Create a line plot showing the top model score for the three (or more) training runs during the project. Below is the comparison of OOF (RMSE) scores from the three successive training runs:

  • initial (no feature engineering): RMSE = 1.80145
  • add_features (with hour feature and categorical conversions): RMSE = 0.62399
  • hpo (with hyperparameter tuning): RMSE = 0.46993

model_train_score.png

Create a line plot showing the top kaggle score for the three (or more) prediction submissions during the project.

model_train_score.png


Summary

Final overall summary In this project, we learned how AutoGluon greatly streamlines the regression workflow for a time-series problem (hourly bike-sharing demand):

  • Initial phase: We used AutoGluon’s default predictor and quickly discovered that, without explicit time-based features (hour, day, month), the model failed to capture seasonality, resulting in an OOF RMSE of 1.80145. We also verified that it was necessary to adjust the prediction output to avoid negative values and use the correct datetime format to submit to Kaggle.
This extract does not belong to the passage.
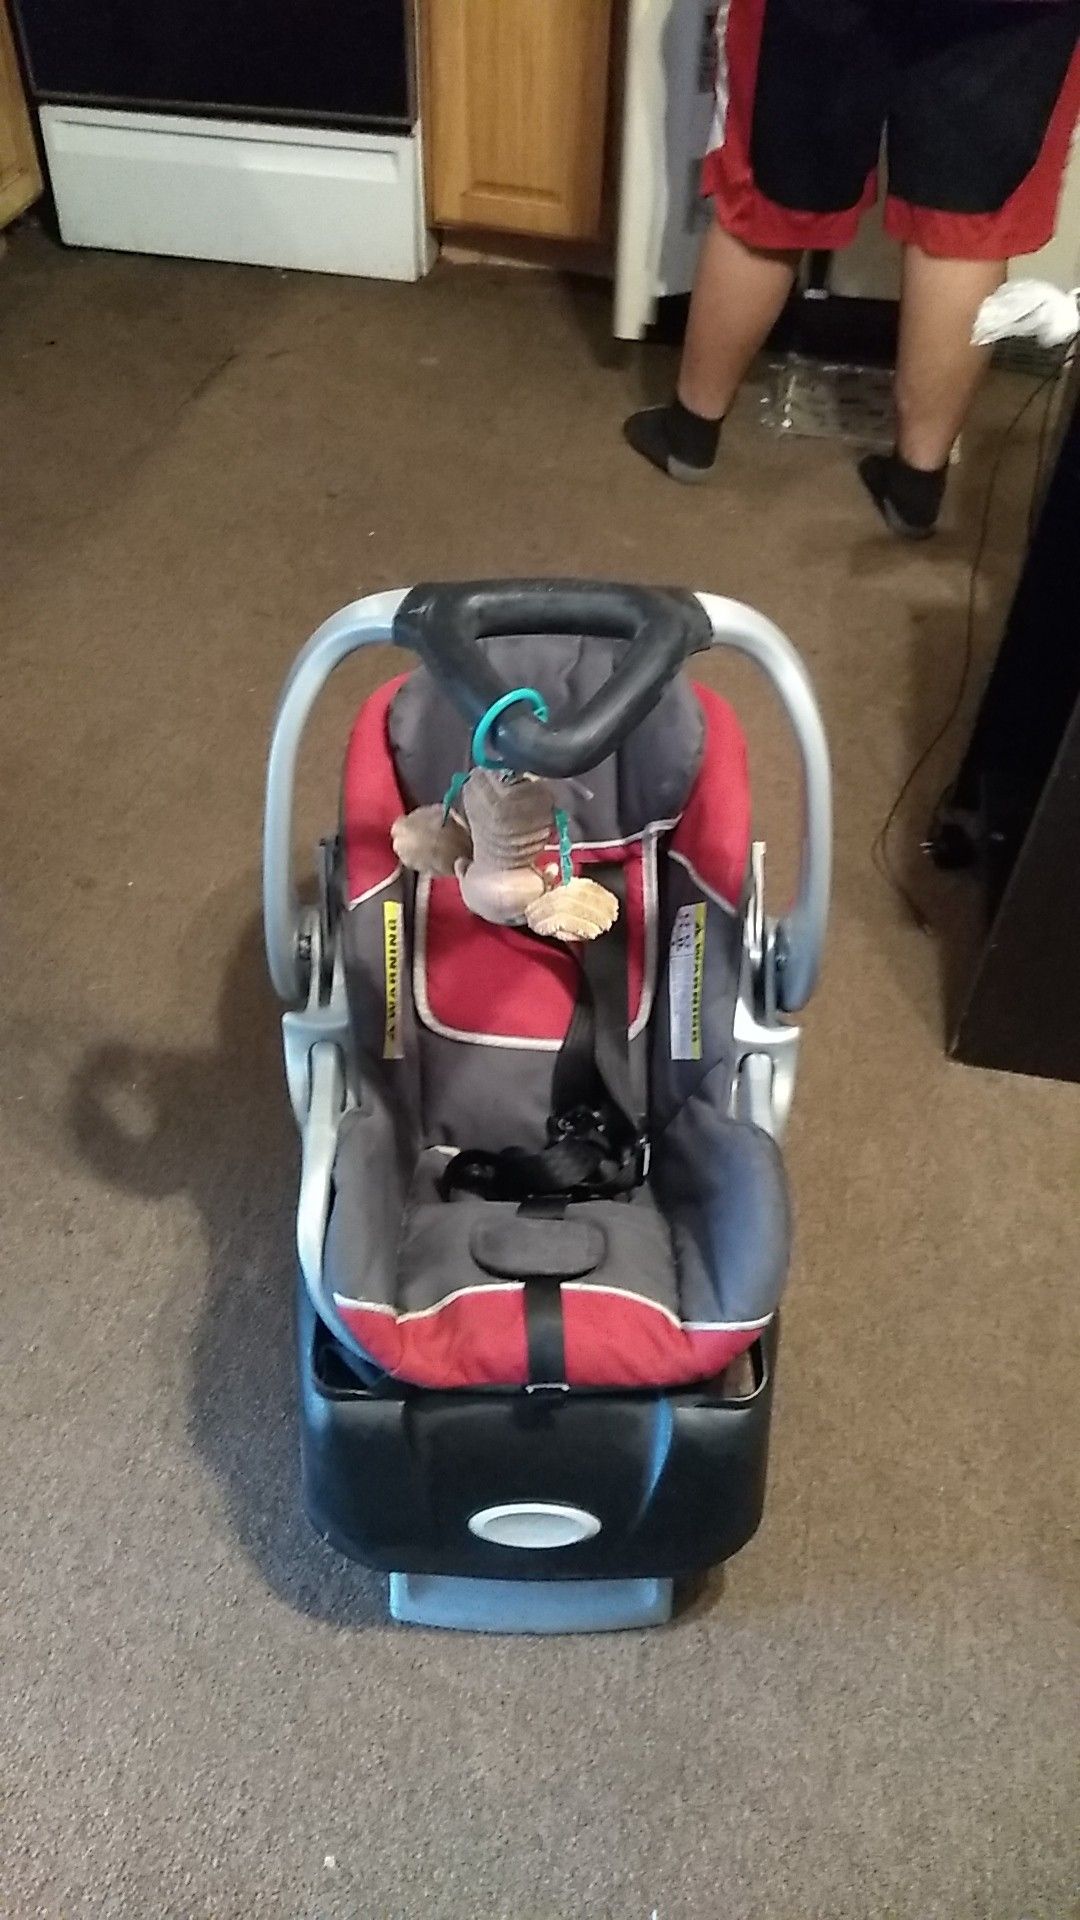 Baby Car Chair

  • Feature engineering: Through exploratory data analysis (histograms and correlations), we concluded that the hour feature was crucial. After adding it (and marking season and weather as categorical), the OOF RMSE dropped to 0.62399, a substantial improvement. This highlights the importance of explicitly providing the model with seasonal indicators.

  • Hyperparameter tuning: Finally, by defining a search space for LightGBM parameters (learning_rate, num_leaves, subsample, etc.) and passing hyperparameter_tune_kwargs to AutoGluon, we reduced the OOF RMSE further to 0.46993. Fine-tuning hyperparameters helped refine the decision trees and reduce residual overfitting.

  • Lessons learned:

    1. Including derived time features (e.g., hour of day, day of week, month) can make a significant difference in strongly seasonal problems.

    2. AutoGluon’s best_quality preset automatically ensembles multiple models (bagged LightGBM, CatBoost, Random Forest, XGBoost, etc.) and performs internal stacking, giving a strong baseline without manually training each model.

    3. Manual hyperparameter tuning (especially for LightGBM) can yield additional gains: in our case, we reduced RMSE by roughly 25% compared to the “new features” phase.

    4. Future improvements could include:

      • More time-based features: day of week, week/weekend indicators, month, local holidays indicator (is_holiday).
      • Advanced weather features: nonlinear effects, interactions between temperature and humidity, clustering of weather conditions.
      • Explicit time-series models: trying autogluon.timeseries or LSTM/GRU models to directly capture temporal trends.
      • Time-aware cross-validation: using TimeSeriesSplit or rolling-origin validation to better simulate production performance.
  • Overall, the project demonstrated how to start with a simple AutoGluon pipeline, iterate on feature engineering, and then fine-tune hyperparameters to achieve competitive performance on Kaggle.